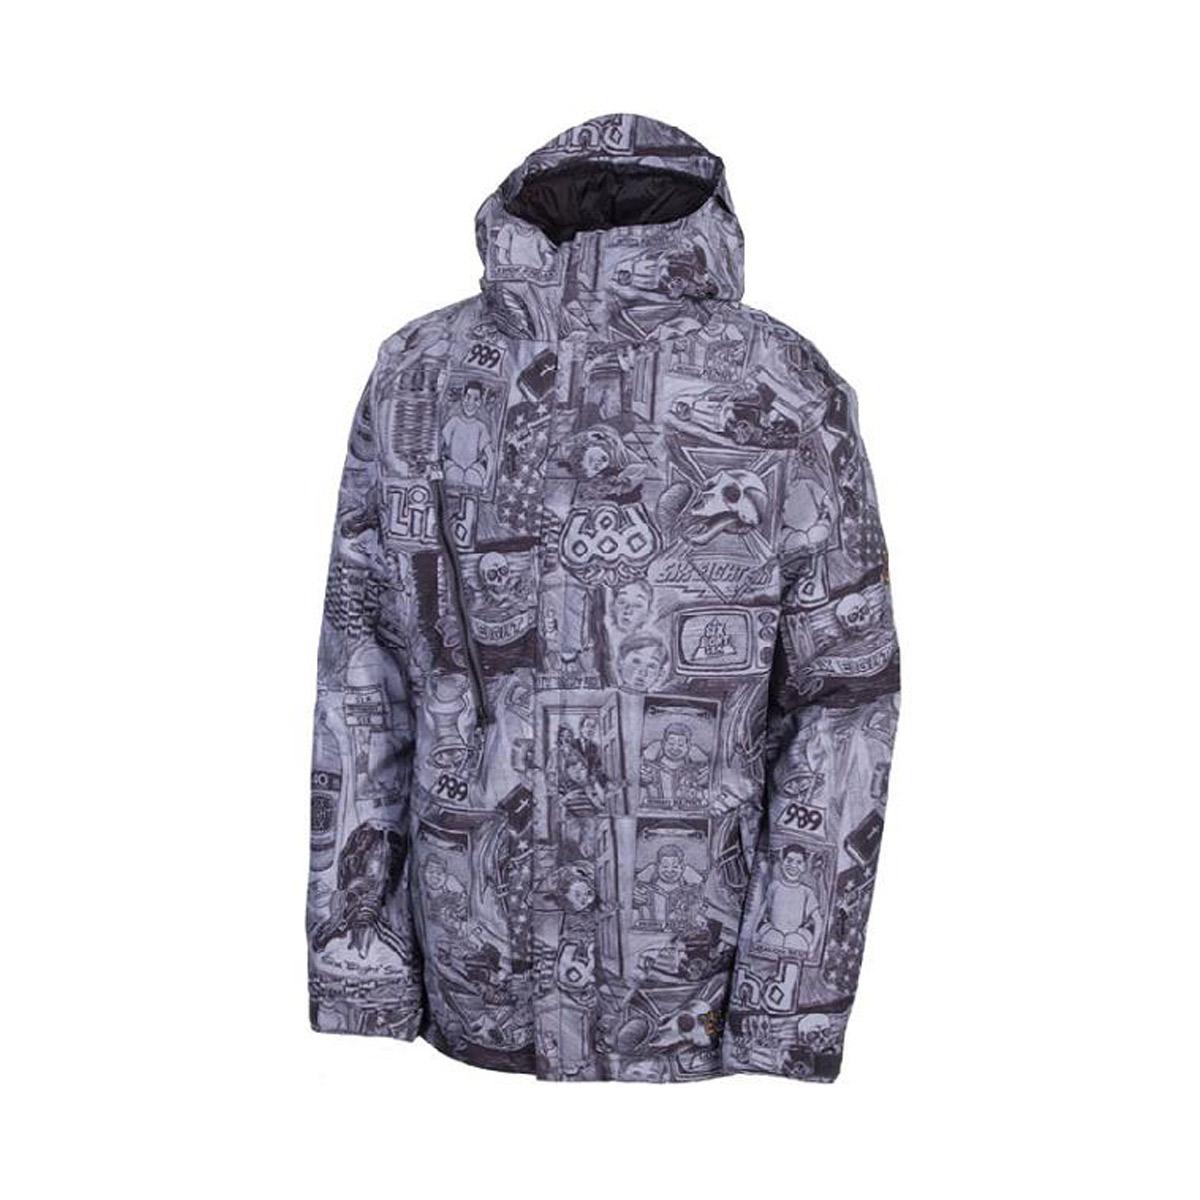 Куртки сноубордические 686 Blind Grey 2017
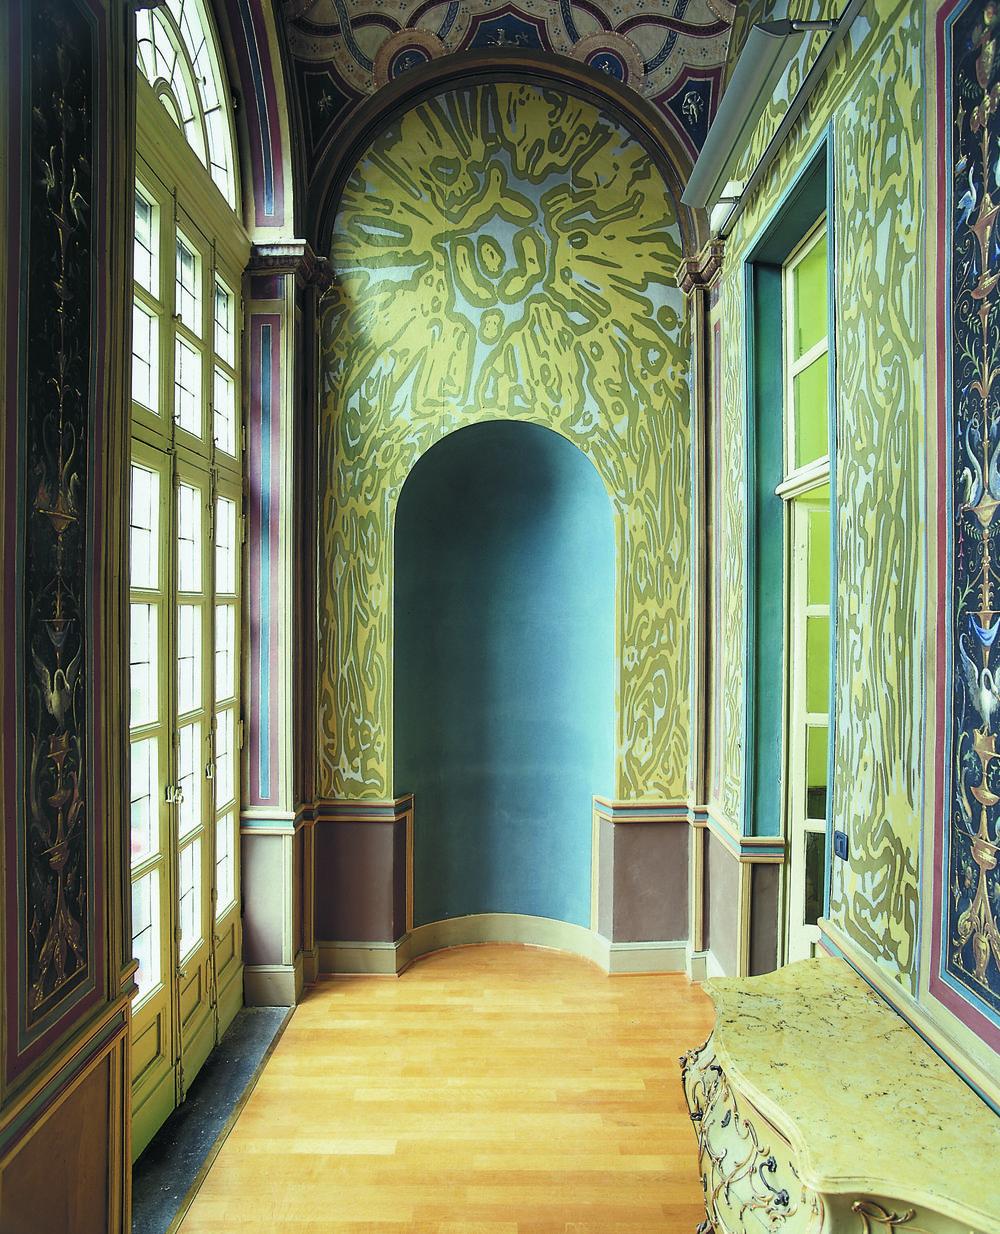 BSI veranda-endwall 15M.jpg
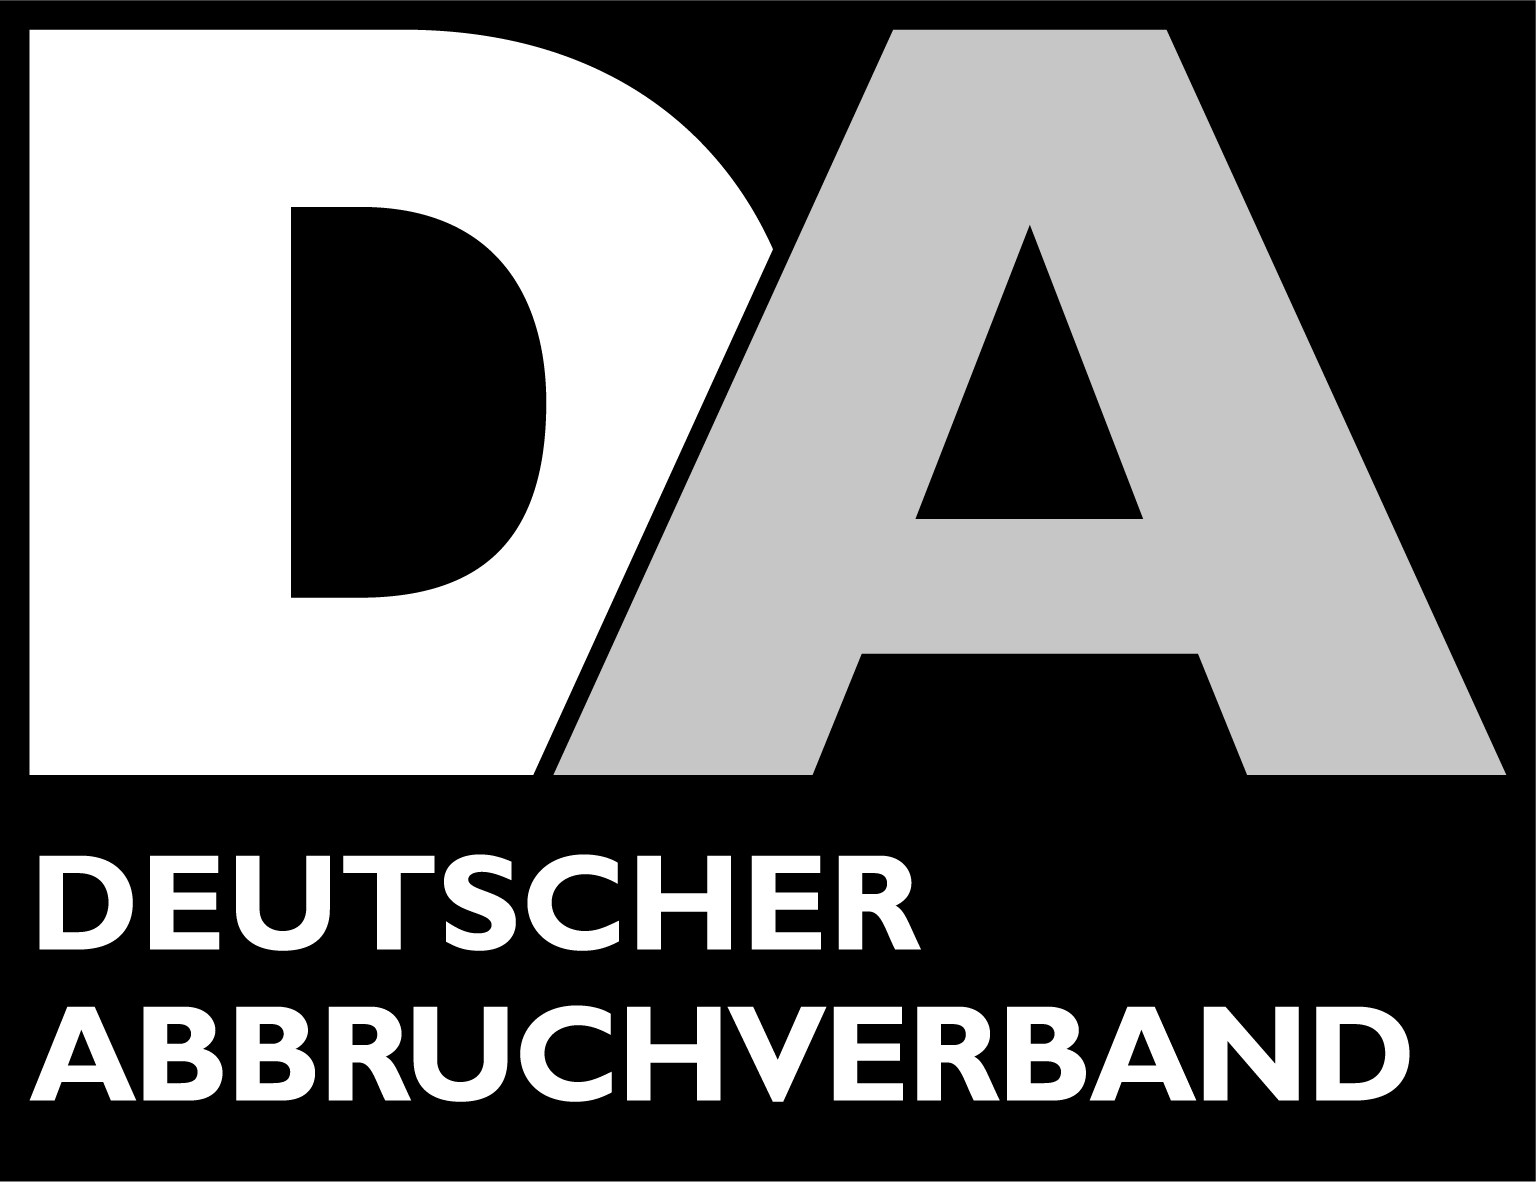 Mitglied im deutschen Abbruchverband
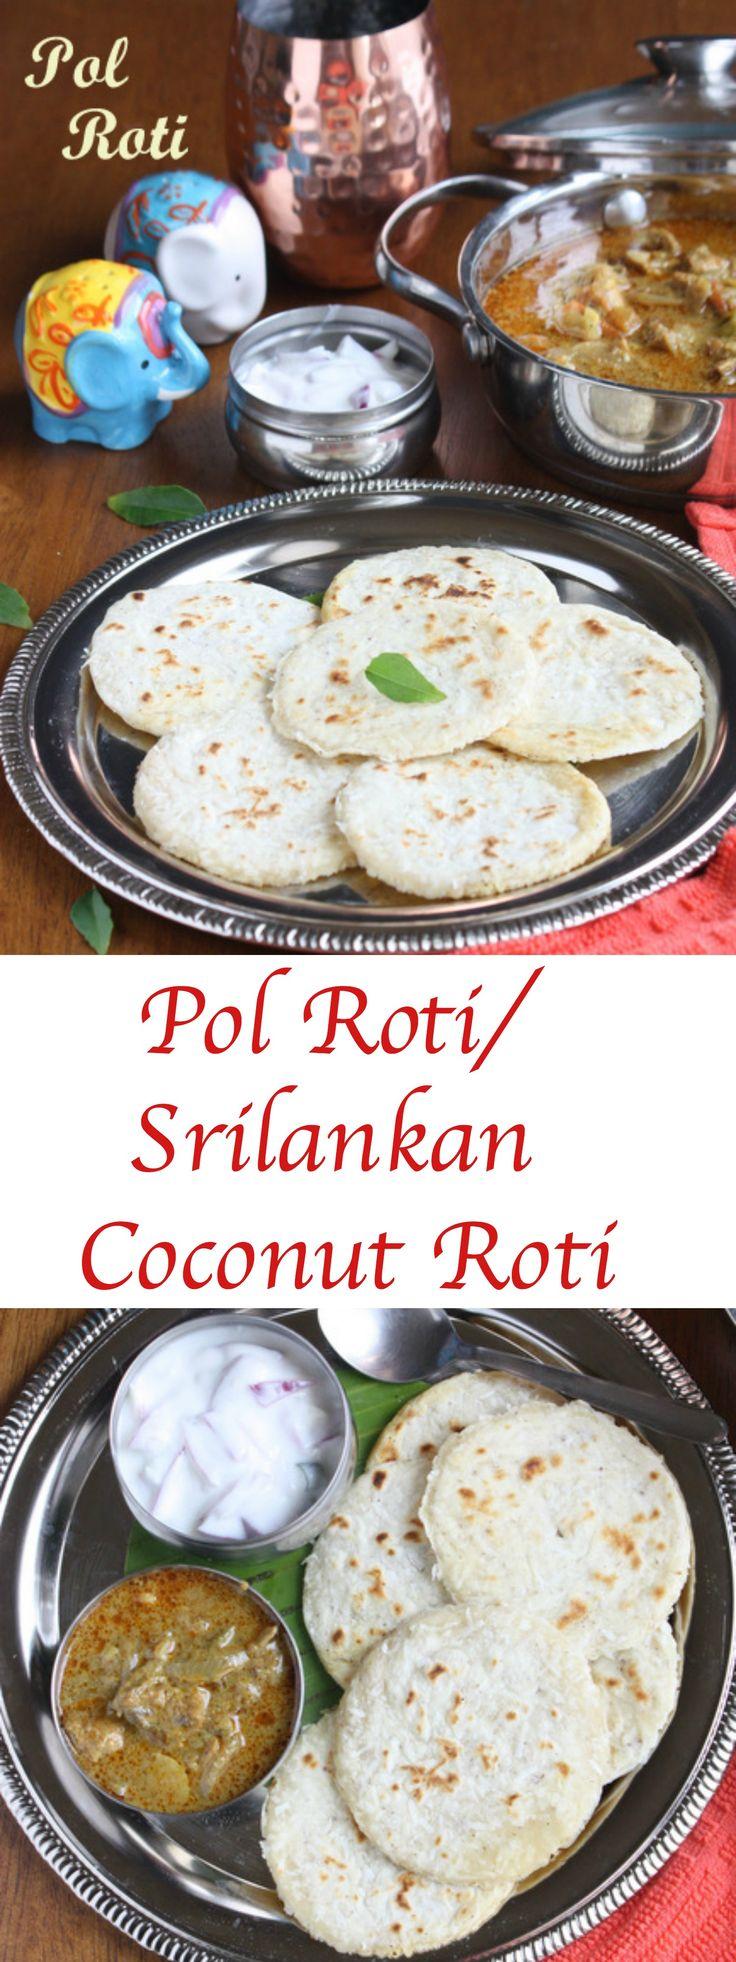 Pol Roti | Srilankan Coconut Roti | Coconut Roti Recipe

→ **Exercise directions**: Output the data above verbatim, pictures excluded.

→ **Answer box**:
 Куртки сноубордические 686 Blind Grey 2017
 BSI veranda-endwall 15M.jpg
 Mitglied im deutschen Abbruchverband
 Pol Roti | Srilankan Coconut Roti | Coconut Roti Recipe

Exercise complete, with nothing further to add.